_Collected material_
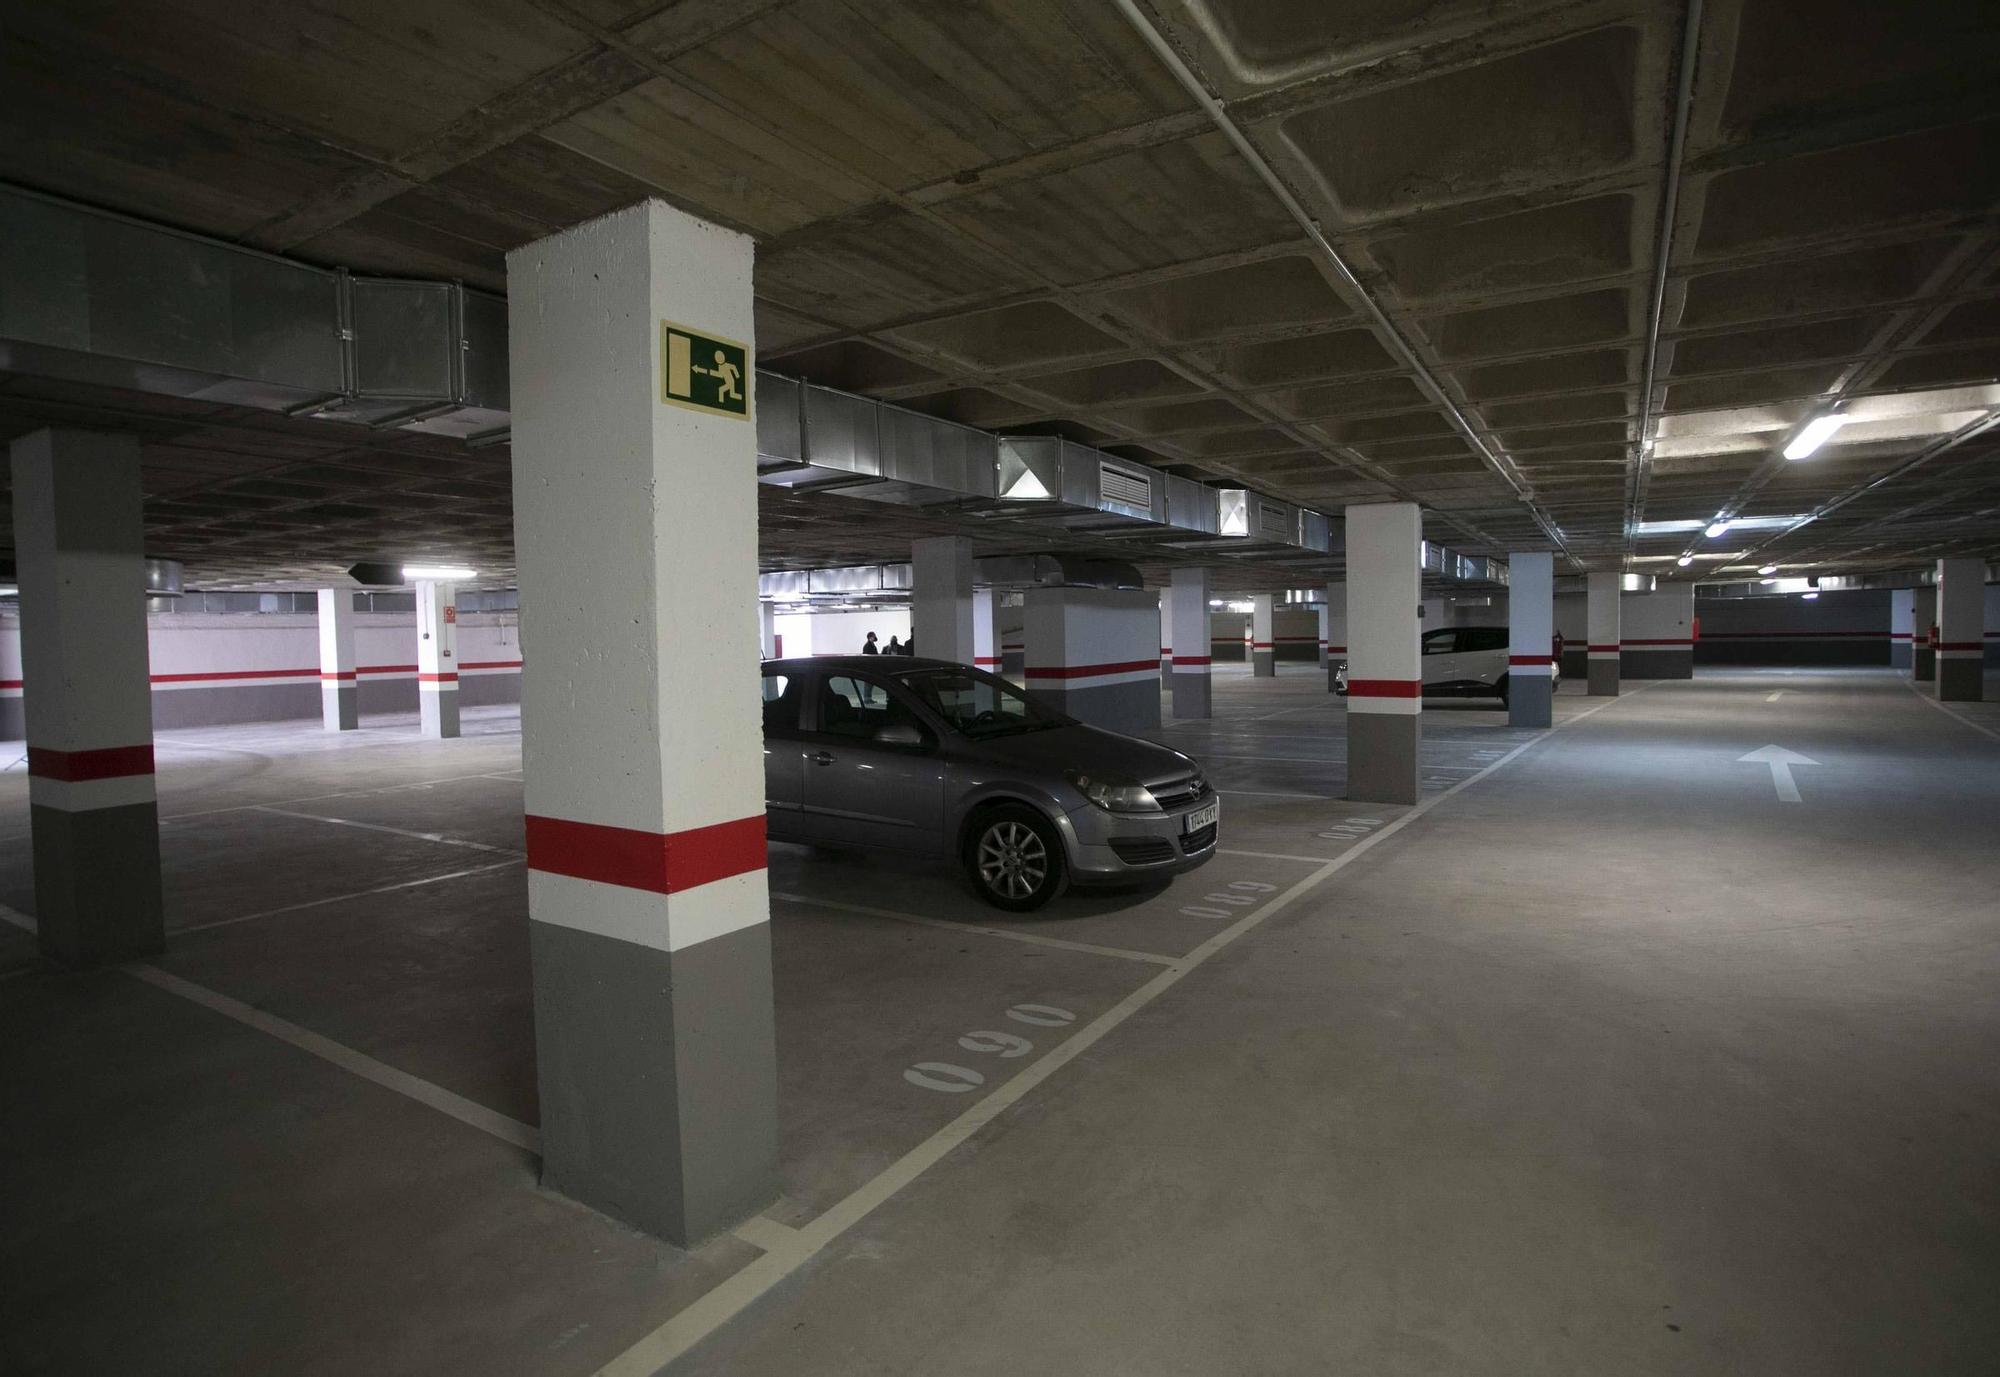 Así es el nuevo parking de Sagunto, que ha tenido que esperar 9 años.
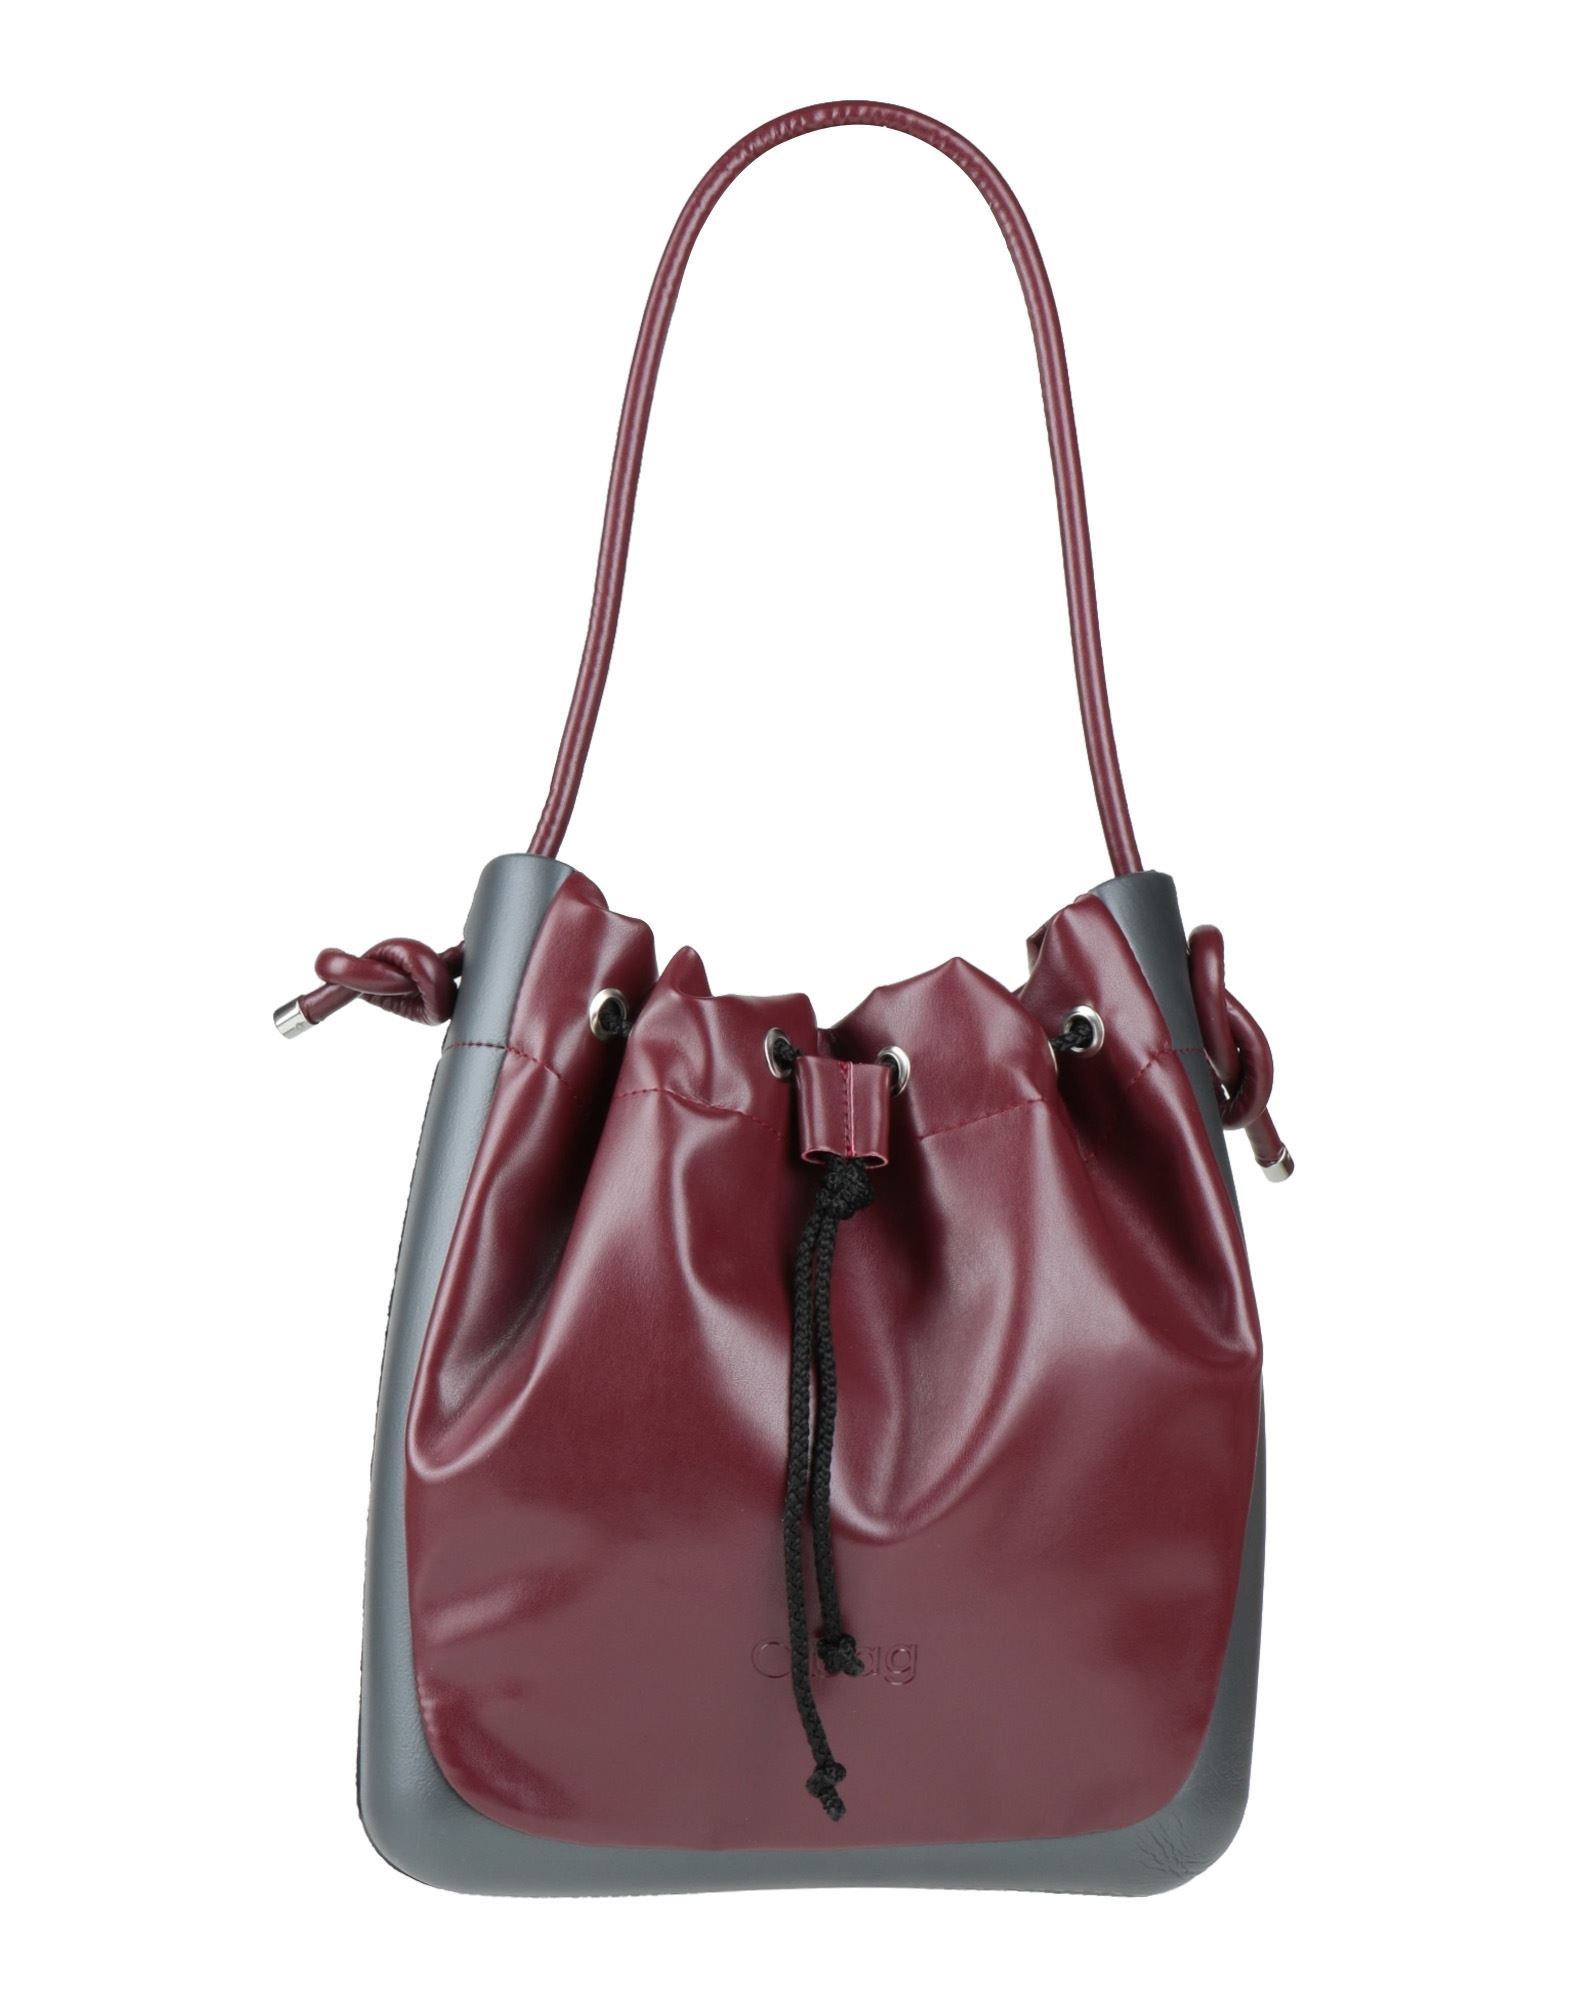 O Bag Handbags In Brick Red
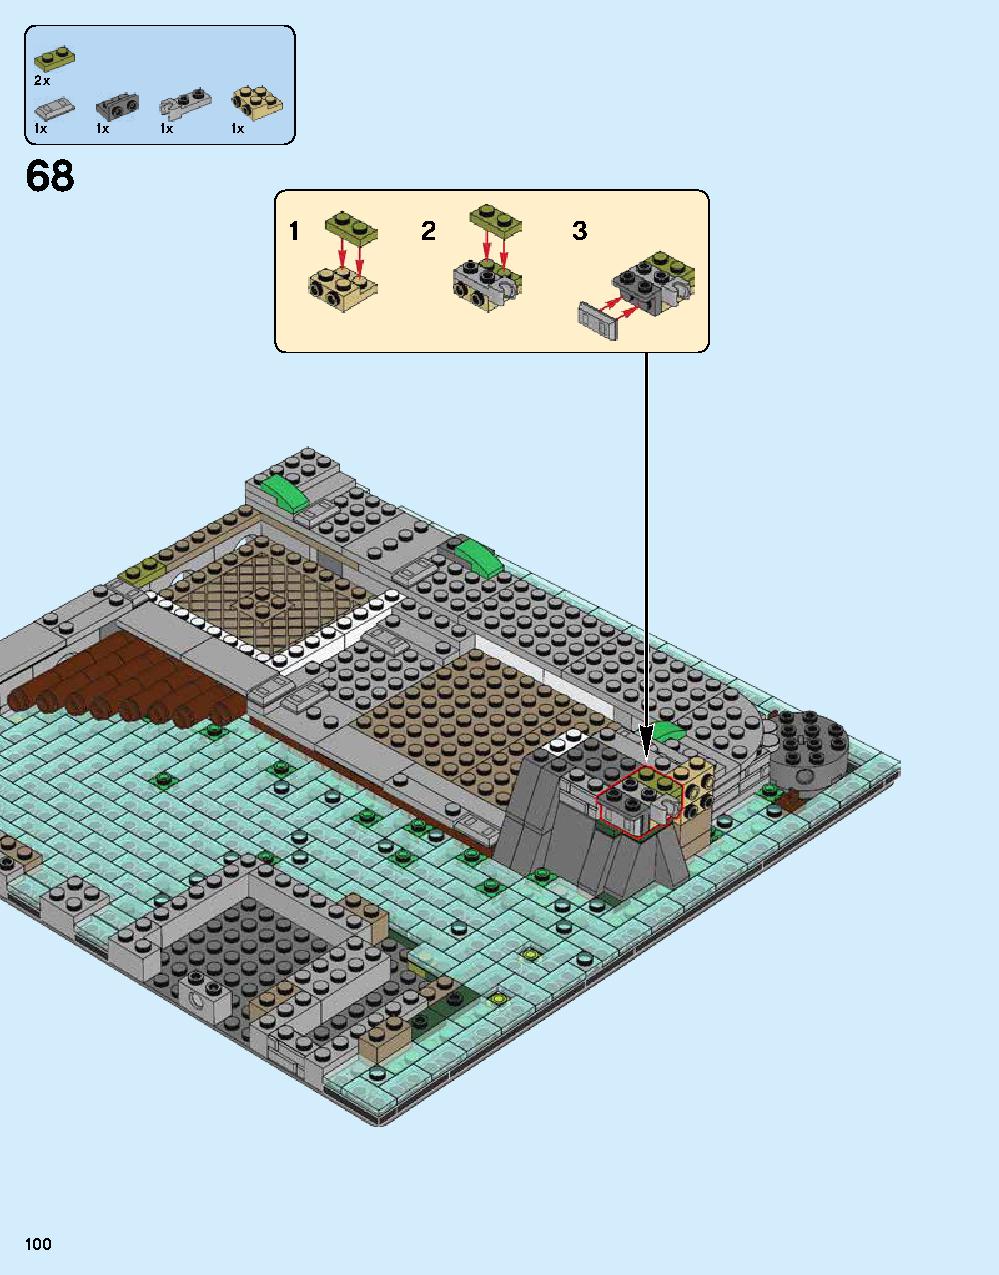 ニンジャゴー シティ 70620 レゴの商品情報 レゴの説明書・組立方法 100 page

_Problem statement_
With the pictures left out, give again exactly the lines from the one that contains "O Bag Handbags In Brick Red" through the final line of the data above.

_Answer to the problem_
 O Bag Handbags In Brick Red
 ニンジャゴー シティ 70620 レゴの商品情報 レゴの説明書・組立方法 100 page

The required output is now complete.